Gartner predicts that, through 2025, 99% of cloud security failures will be the customer’s fault.

Implementing automatic detection and remediation of security misconfigurations on the cloud while ensuring compliance with security standards is crucial for the widespread adoption of the cloud. In an ideal scenario, you would want to be notified immediately if any security misconfiguration happened and resolve it automatically based on a misconfiguration.

AWS Native Detect & Remediate

Let’s look at how we can create an AWS native security solution that detects & can remediate a security misconfiguration in real time and sends alerts to respective users.

Solution Architecture of Detect & Remediate

The solution architecture to detect & remediate security misconfigurations encompasses four primary workflows: data ingestion, detection, remediation, and logging.

Data Ingestion: This phase involves collecting data from a variety of AWS services, including Amazon Guard Duty, AWS Inspector, AWS Macie, and more.

AWS Config: A pivotal tool in this architecture, AWS Config continuously monitors your AWS resource configurations.
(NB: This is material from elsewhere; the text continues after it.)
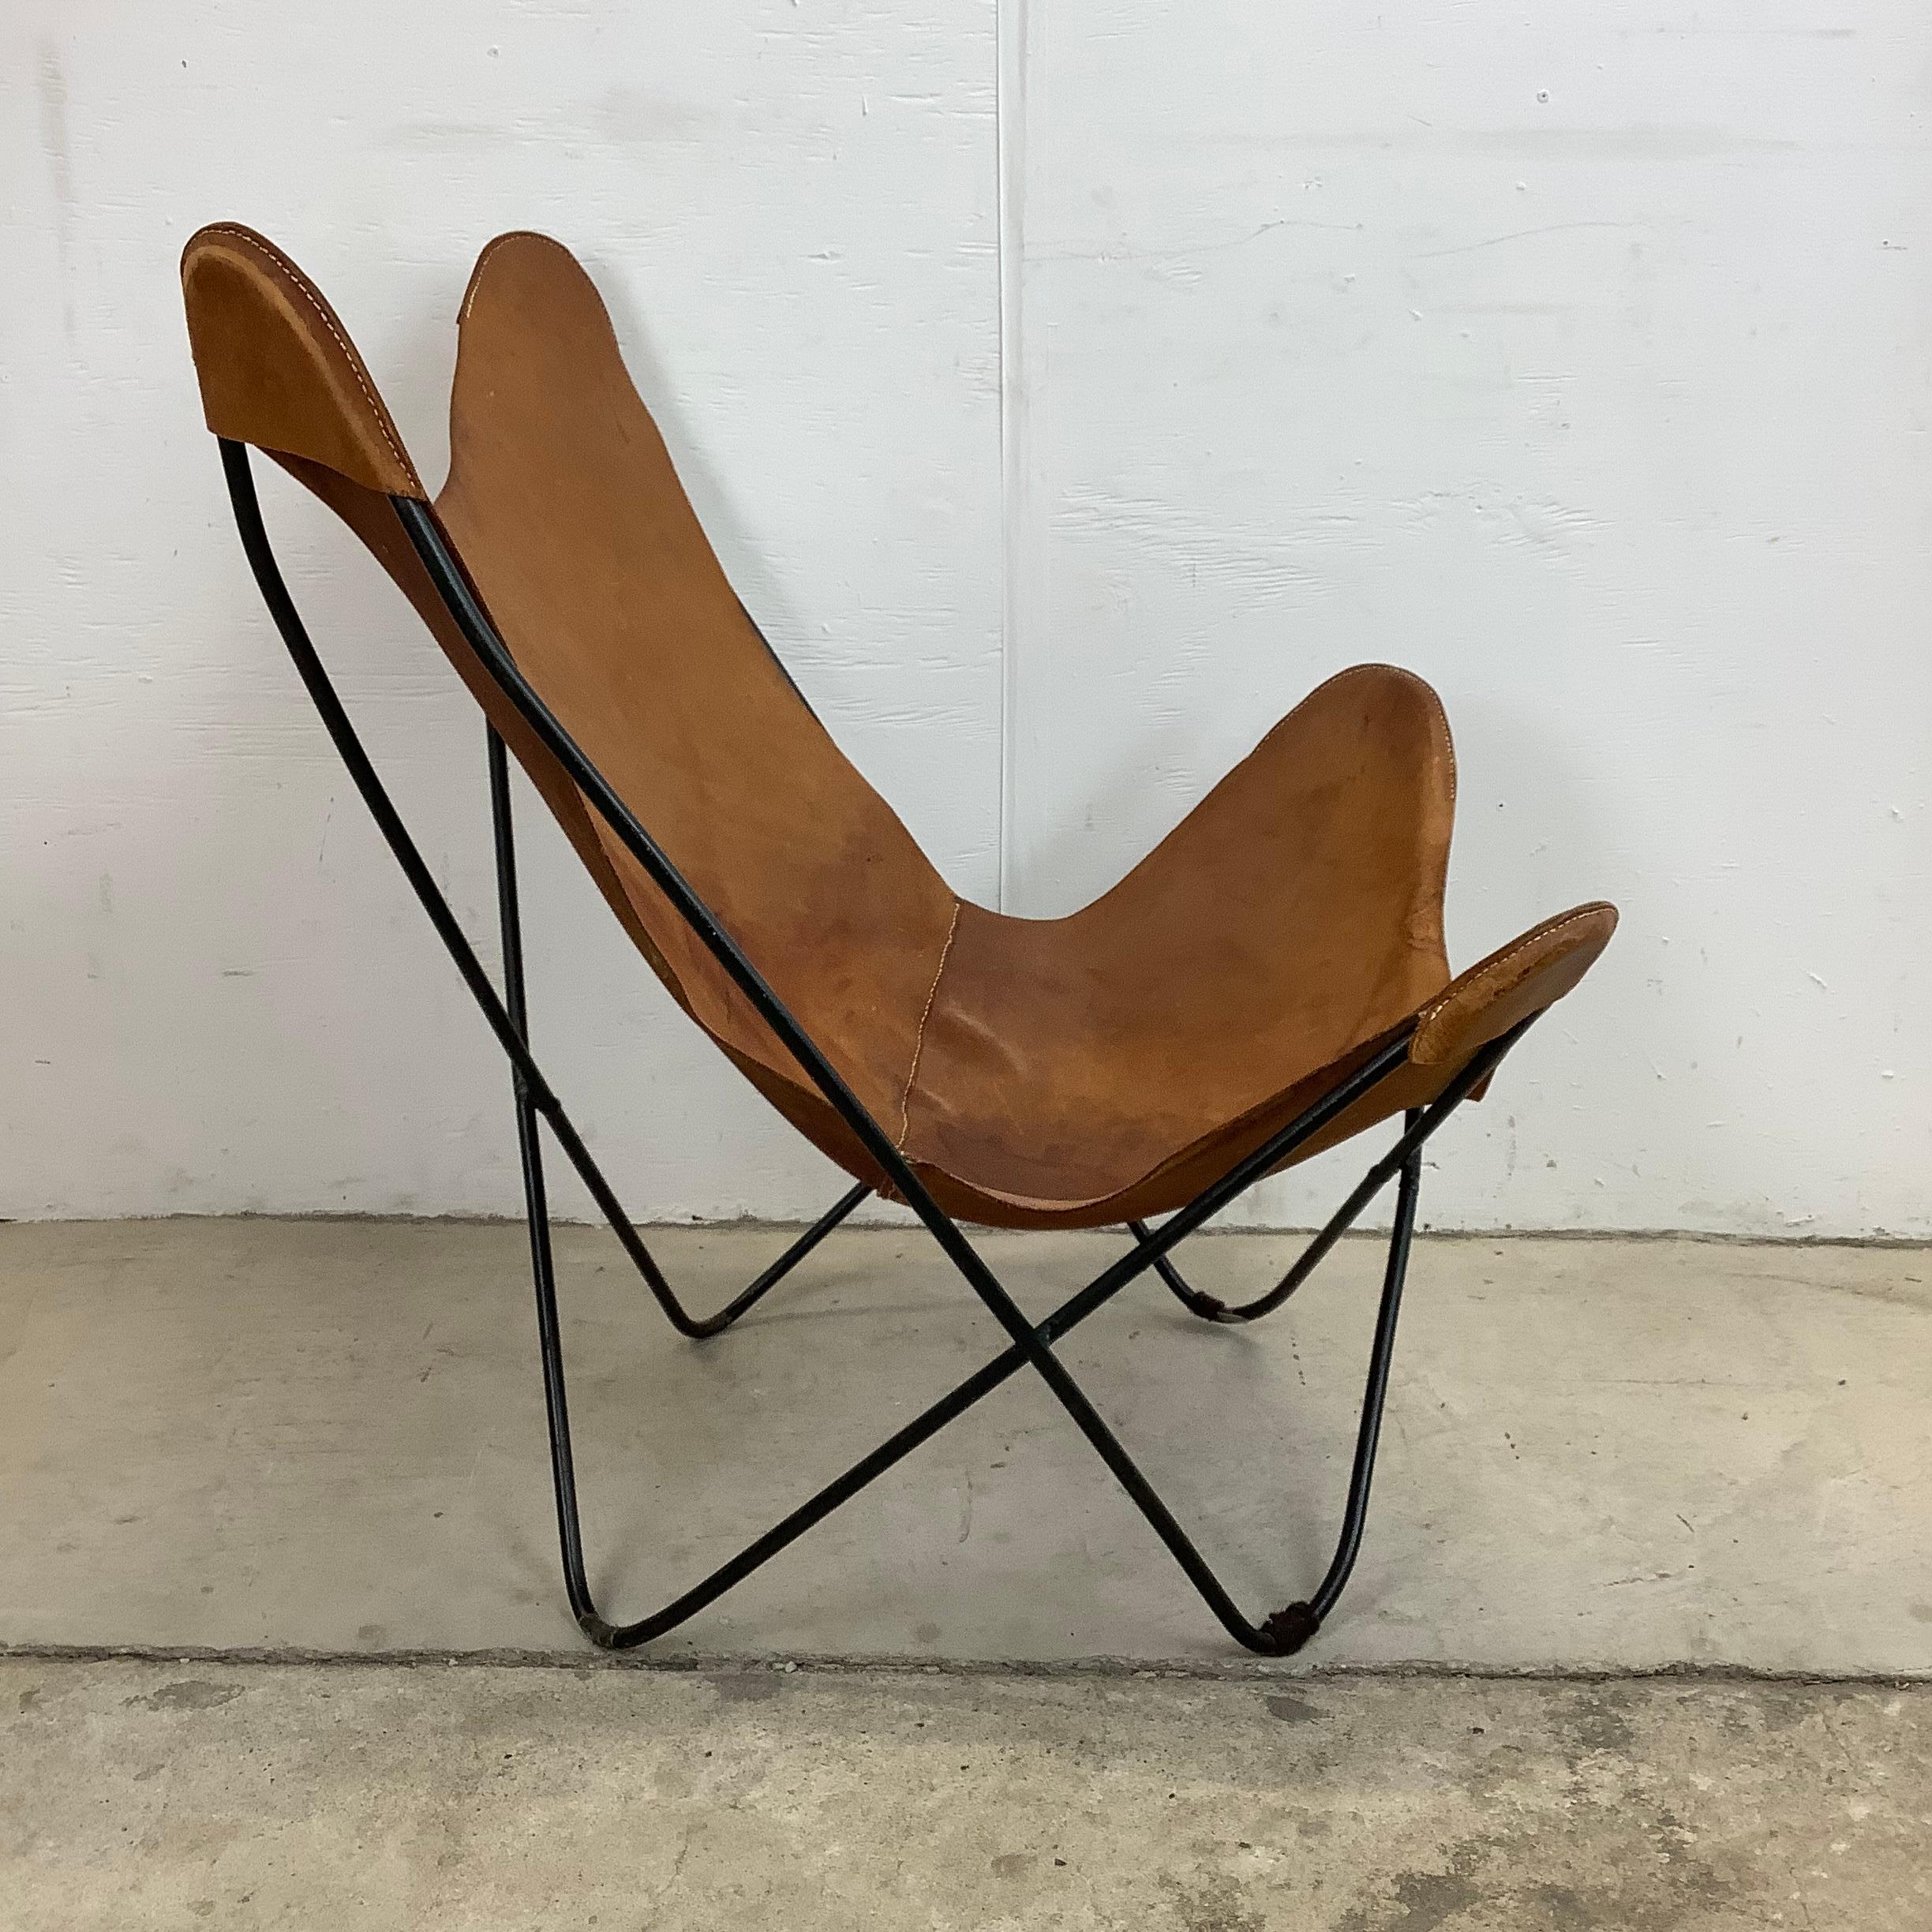 Unknown Vintage Modern Butterfly Chair With Iron Frame And Leather Seat

It alerts you when there’s a deviation from the defined AWS Config Rules, which represent your ideal configurations. AWS Config offers both predefined managed rules for common security checks and the flexibility to create custom rules using Lambda functions. For instance, you can craft rules to check for specific resource tags or ensure an S3 bucket uses a Customer Managed Key (CMK) instead of the default AWS-managed KMS key.

Detection Workflow: When AWS Config identifies non-compliant resources, it triggers a Lambda function via an EventBridge rule. This function then forwards the findings to AWS Security Hub, offering a consolidated view of the AWS security posture. AWS Security Hub evaluates these findings against industry standards and best practices. It aggregates data not just from AWS Config but also from other services like Guard Duty, Firewall Manager, and even third-party services such as Prisma Cloud and Dome 9.
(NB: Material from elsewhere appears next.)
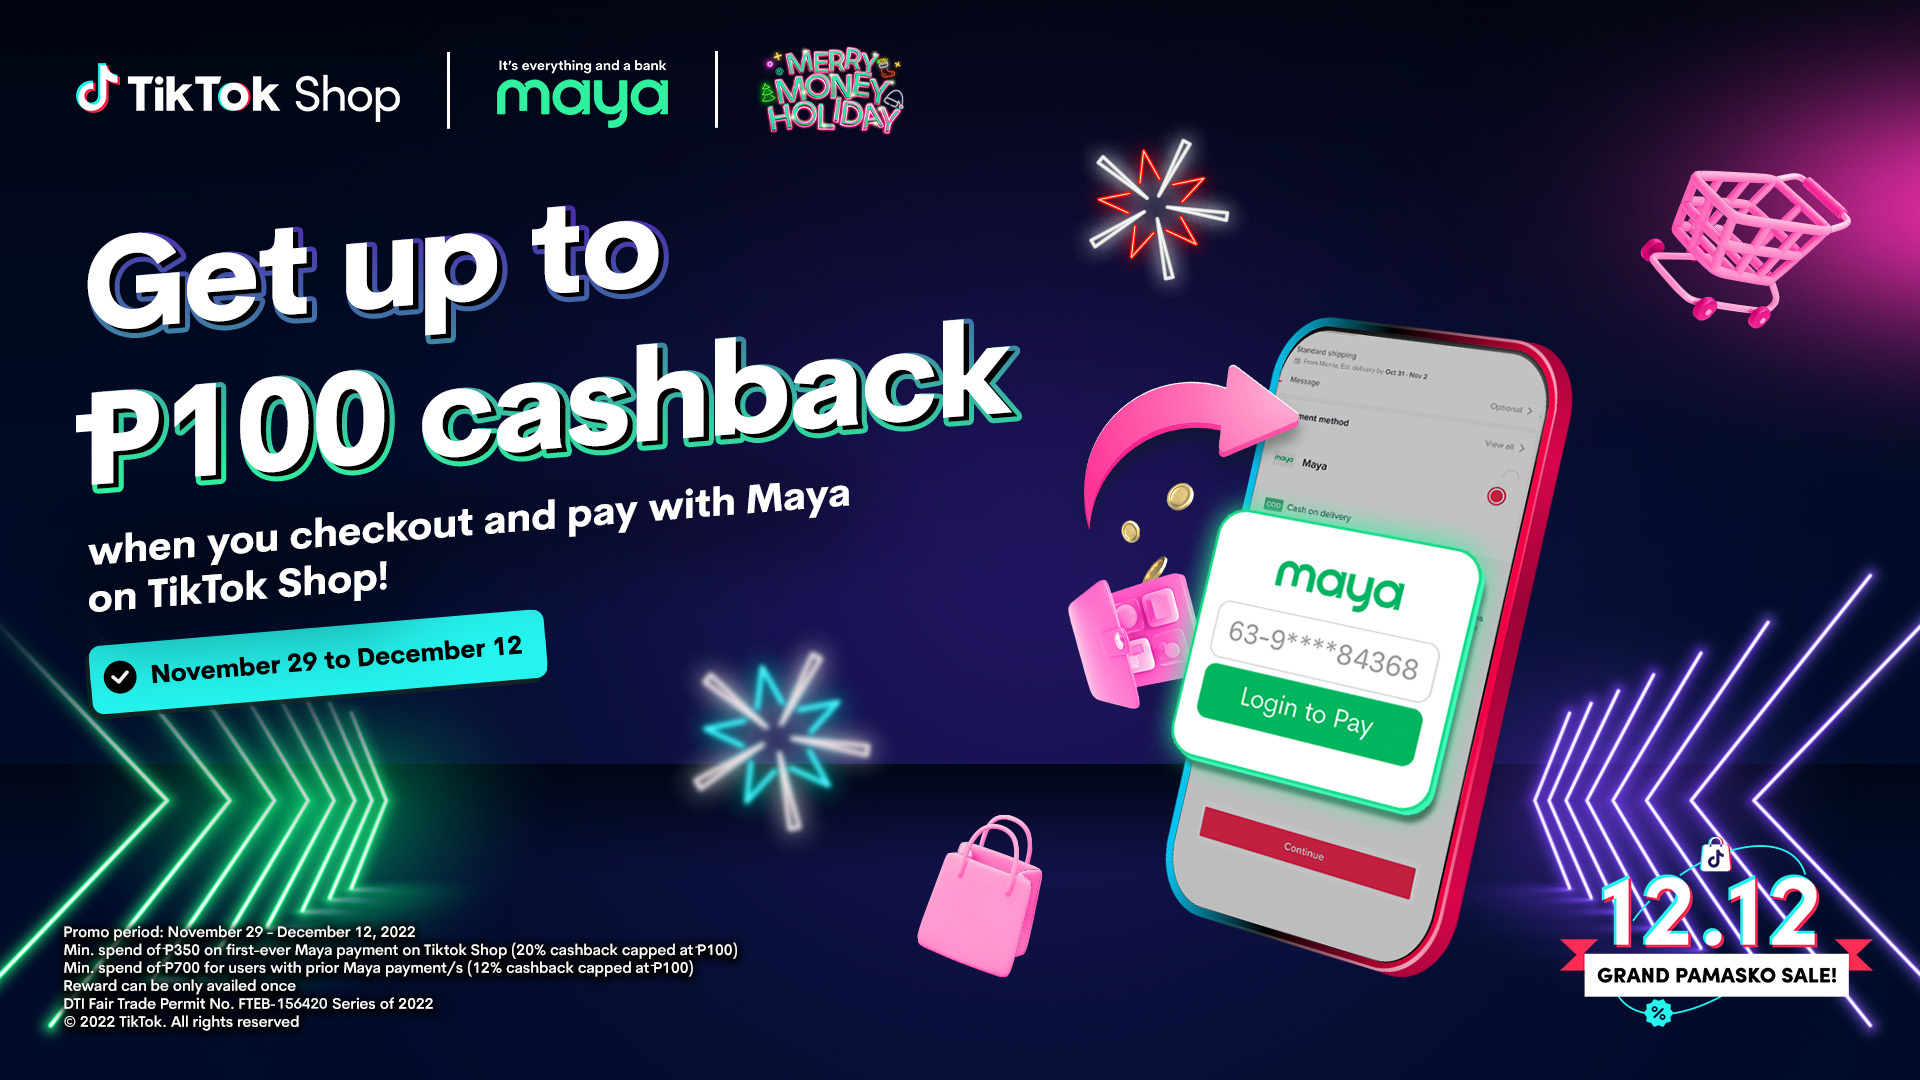 12.12 Grand Pamasko Sale: Get up to 20% Cashback when you checkout and pay with Maya on TikTok Shop

Remediation Workflow: If AWS Security Hub determines a compliance status of FAILED, it triggers another EventBridge rule, which in turn activates a Lambda function. This function carries out a tailored remediation action based on the specific security concern. Remediation can also leverage AWS Systems Manager Automation for certain tasks. Once the Lambda function completes its task, it logs the details to CloudWatch and sends notifications via an SNS topic, to which users can subscribe.

Use Cases for the Detect & Remediate Architecture:

Scenario 1: Unrestricted Security Groups:

  • Detection: AWS Config identifies a security group that allows inbound traffic from 0.0.0.0/0 on port 22 (SSH).
  • Remediation: The Lambda function modifies the security group to restrict SSH access only to known IP addresses or removes the rule entirely.

Scenario 2: Unencrypted RDS Instances:

  • Detection: AWS Config finds an RDS instance that doesn’t have encryption enabled.
  • Remediation: The Lambda function triggers a snapshot of the RDS instance, creates an encrypted copy, and then replaces the original with the encrypted version.

Scenario 3: Untagged EC2 Instances

  • Detection: AWS Config identifies an EC2 instance that doesn’t have a required tag required by your organization.
  • Remediation: The Lambda function sends an alert to the instance creator or the operations team to add the missing tags.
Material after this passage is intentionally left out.